Banyuwangi – Terminal Sasak Perot yang selama ini identik dengan angkutan konvensional, perlahan mulai berbenah. Berlokasi tak jauh dari pusat Kota Banyuwangi, terminal di Jalan Kuntulan itu kini disiapkan sebagai simpul penting transportasi wisata yang menghubungkan stasiun, destinasi unggulan, hingga jalur wisata Ijen.

Langkah ini menjadi bagian dari strategi Pemerintah Kabupaten Banyuwangi dalam memperkuat sektor pariwisata melalui peningkatan sarana transportasi yang terintegrasi.

Kepala Dinas Perhubungan Kabupaten Banyuwangi, I Komang Sudira Atmaja, menegaskan bahwa berkembangnya pariwisata Banyuwangi harus diimbangi dengan sistem transportasi yang memadai dan nyaman.

Menurutnya, seluruh aset daerah yang berpotensi mendukung pariwisata akan dimaksimalkan, termasuk Terminal Sasak Perot yang ke depan diarahkan menjadi pusat transit menuju berbagai destinasi favorit wisatawan.

Terminal ini disiapkan untuk melayani perpindahan penumpang dari berbagai moda, mulai dari angkutan kota, transportasi daring, hingga kendaraan khusus wisata.

Penataan Terminal Sasak Perot tidak dilakukan sekaligus, melainkan bertahap sesuai kebutuhan dan ketersediaan anggaran.
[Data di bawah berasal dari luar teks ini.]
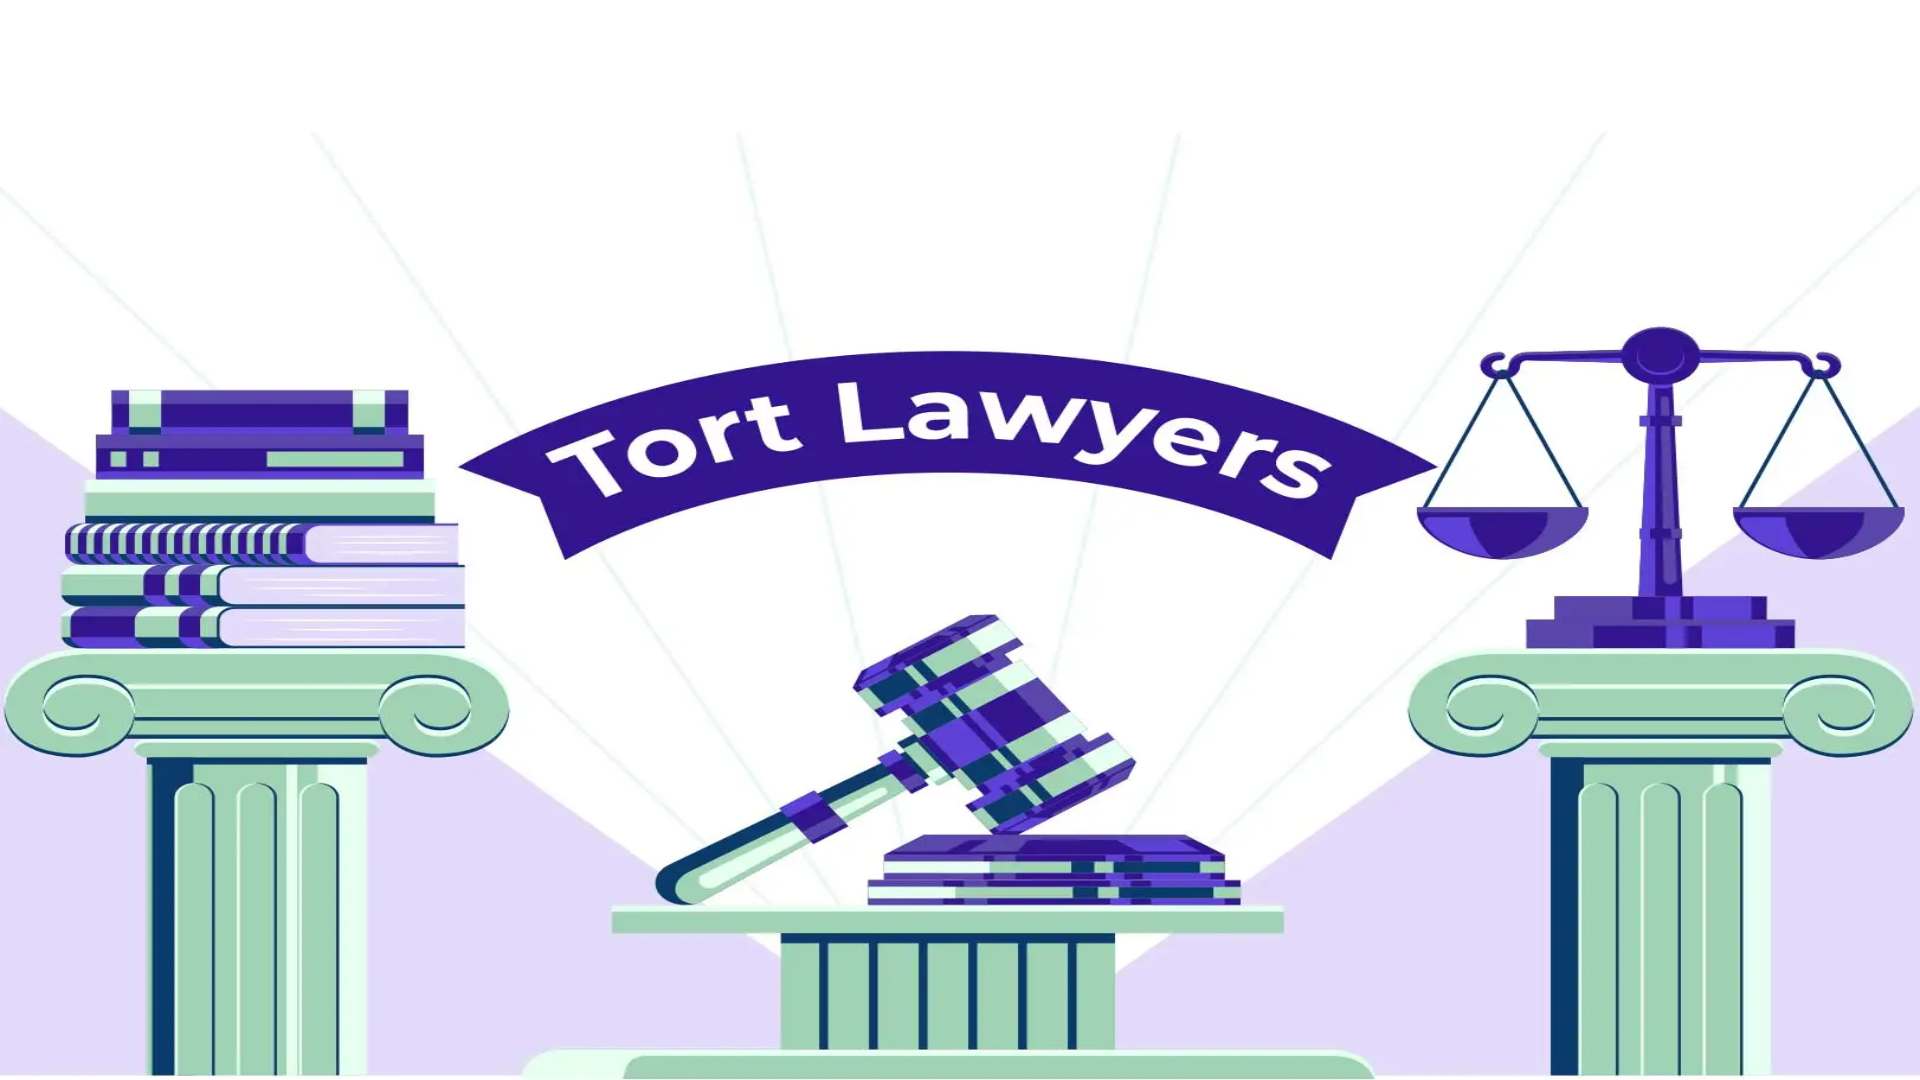 tort lawyers

Saat ini, perbaikan difokuskan pada area dasar yang selama ini menjadi keluhan pengguna.

Jalan di dalam kawasan terminal telah dipaving untuk meningkatkan kenyamanan dan keamanan. Selanjutnya, penataan bangunan terminal akan diusulkan agar lebih representatif sebagai pintu masuk wisata.

Di tahap awal ini, perubahan fisik mulai terlihat dan memberi kesan lebih ramah bagi pengunjung.
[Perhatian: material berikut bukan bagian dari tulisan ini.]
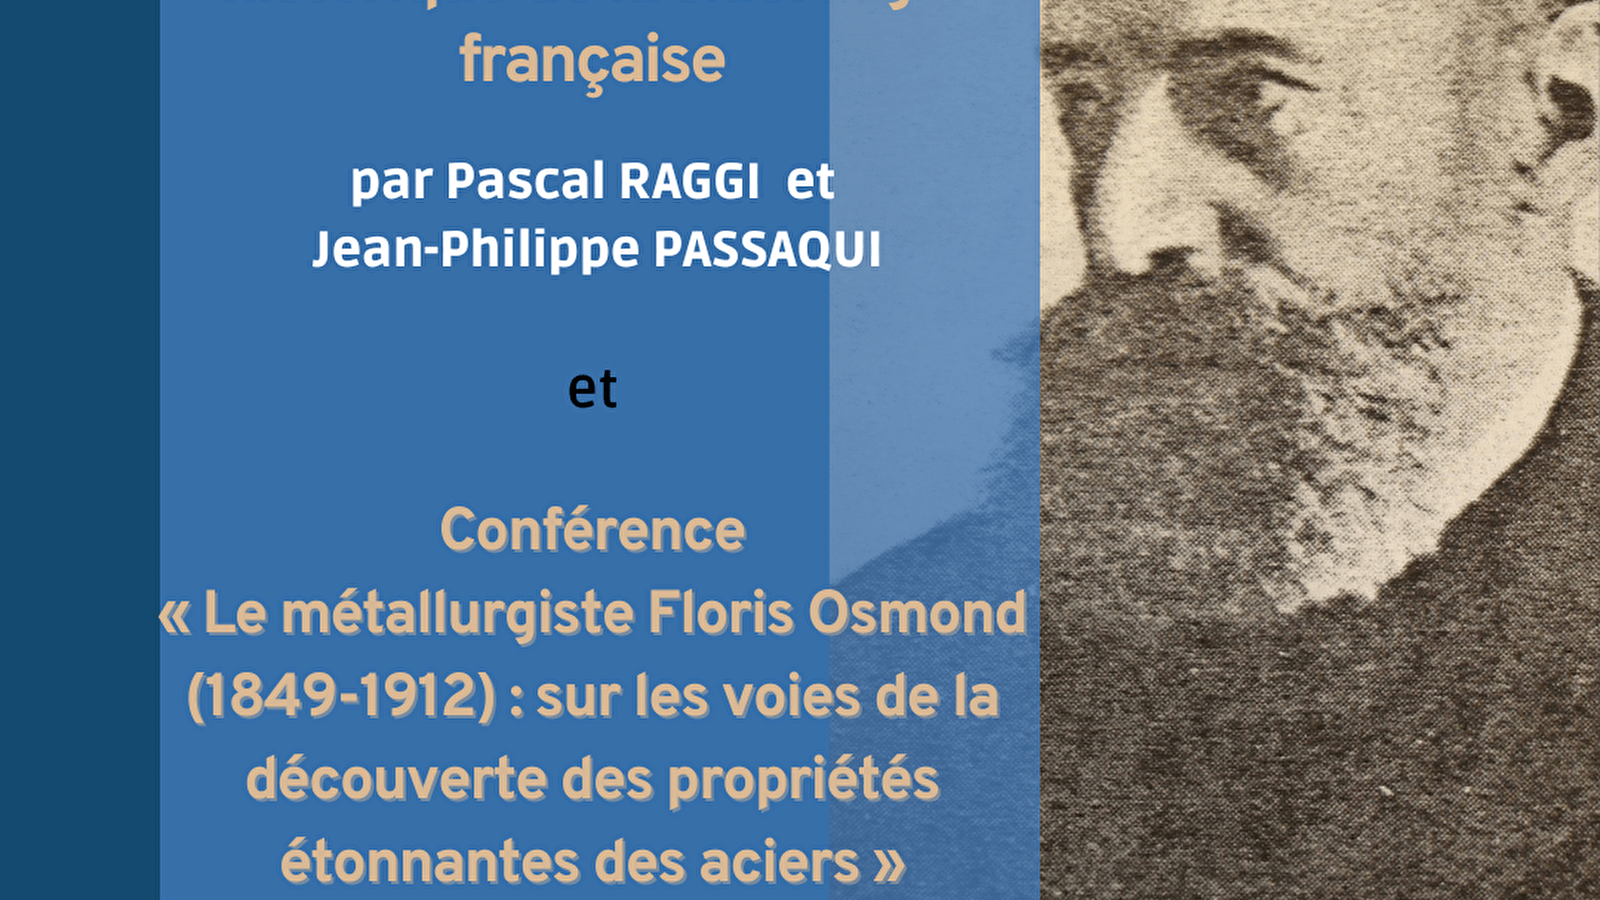 Presentation of the Dictionnaire de la sidérurgie française and lecture on F. Osmond

Ke depan, Terminal Sasak Perot akan difungsikan sebagai titik temu perjalanan wisata. Penumpang dari Stasiun Banyuwangi Kota dapat berpindah moda di terminal ini untuk melanjutkan perjalanan ke Kawah Ijen, desa wisata, hingga jalur menuju pelabuhan dan kapal cepat.

Secara geografis, lokasi terminal dinilai sangat strategis. Jaraknya hanya sekitar 950 meter dari Stasiun Banyuwangi Kota dan sekitar 3,3 kilometer dari pusat kota. Terminal ini juga berada di jalur utama menuju sejumlah destinasi unggulan seperti Desa Wisata Osing Kemiren, TWA Kawah Ijen, Air Terjun Jagir, Sendang Seruni, Taman Gandrung Terakota, hingga kawasan wisata Ijen Sky Light.

Selama ini, Terminal Sasak Perot cenderung sepi dan hanya dimanfaatkan angkutan konvensional. Kondisinya dinilai kurang mendukung kenyamanan wisatawan yang datang dari luar daerah.

Dengan pengaktifan kembali fungsi terminal sebagai hub pariwisata, Pemkab berharap pergerakan wisatawan menjadi lebih tertata, sekaligus mengurangi kepadatan lalu lintas di titik-titik tertentu.

Optimalisasi terminal ini juga diharapkan membuka peluang ekonomi baru, mulai dari jasa transportasi, UMKM, hingga layanan pendukung pariwisata di sekitarnya.